Irrigated rice rotations affect yield and soil organic carbon sequestration in temperate South America

Abstract

AbstractRice (Oryza sativa L.) systems rotated with perennial pastures have intensified in South America to increase annual grain productivity, but the effects on rice yield and soil quality remain poorly understood. We evaluated rice grain yield, crop and pasture biomass production, and soil organic carbon (SOC) and total nitrogen stocks (0–15‐cm depth) in three rice‐based rotations over 8 yr in Uruguay. Treatments were: (a) rice–pasture [a 5 yr rotation of rice–ryegrass (Lolium multiflorum Lam.)–rice, then 3.5 yr of a perennial mixture of tall fescue (Festuca arundinacea Schreb.), white clover (Trifolium repens L.), and birdsfoot trefoil (Lotus corniculatus L.)], (b) rice–soybean [a 2‐yr rotation of rice–ryegrass–soybean (Glycine max [L.] Merr.)–Egyptian clover (Trifolium alexandrinum L.)], and (c) rice–cover crop (an annual rotation of rice–Egyptian clover).

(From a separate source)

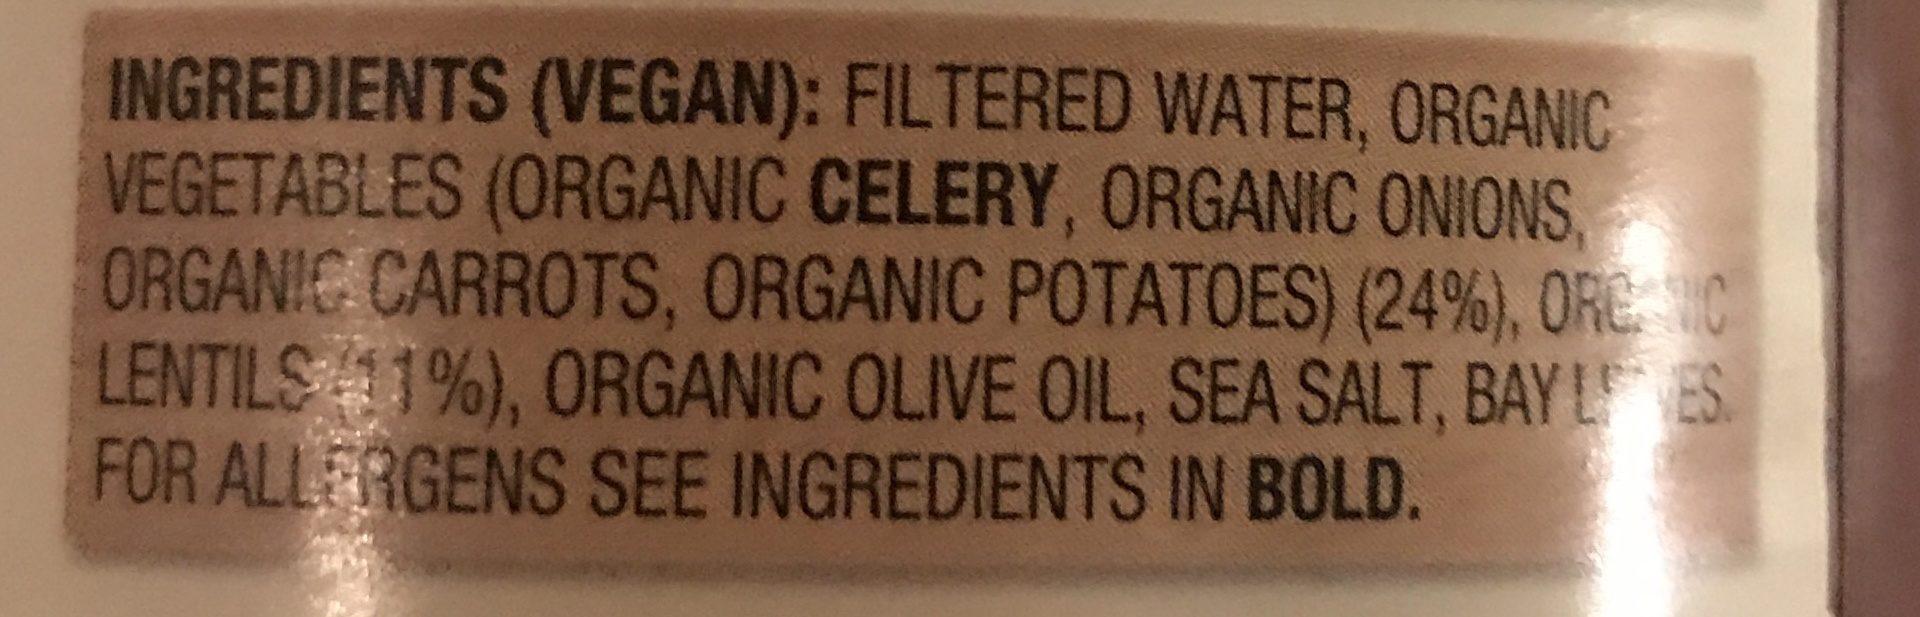 Organic Lentil Soup - Ingredients - en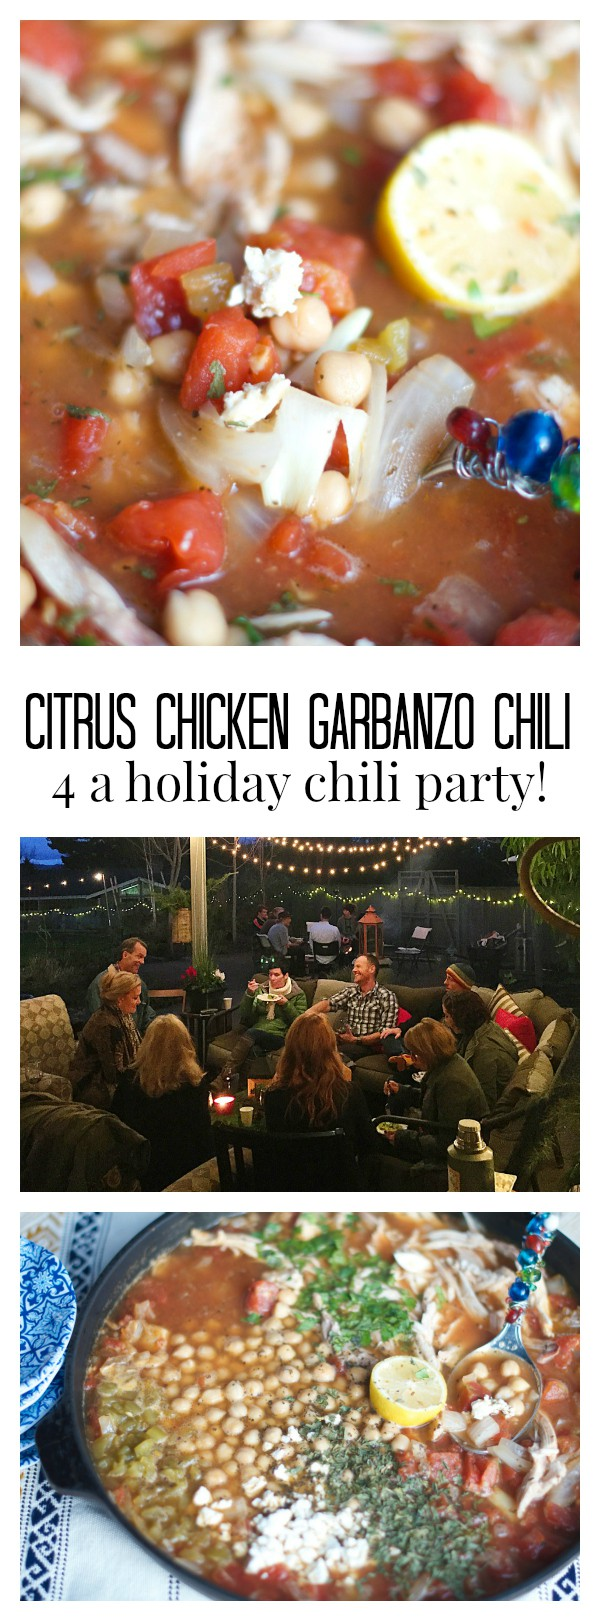 Citrus Chicken Garbanzo Chili for a Holiday Chili Party

Rice after soybean or pasture achieved the highest yield (9.8 Mg ha–1), 9% higher than rice after rice in the rice–pasture and rice–cover crop systems. Estimated belowground biomass under rice–pasture (2.7 Mg ha–1) was 12 and 42% greater than under rice–cover crop and rice–soybean rotations, respectively. Rice–pasture showed an increase of 0.6 Mg ha–1 yr–1 of SOC; no changes were observed in the intensified rotations replacing pasture with additional rice or soybean. All systems sustained soil total N. These results provide insights for implementing sustainable rice‐based rotations, with rice–pasture being the only system that increased SOC while achieving high rice yields and belowground biomass productivity.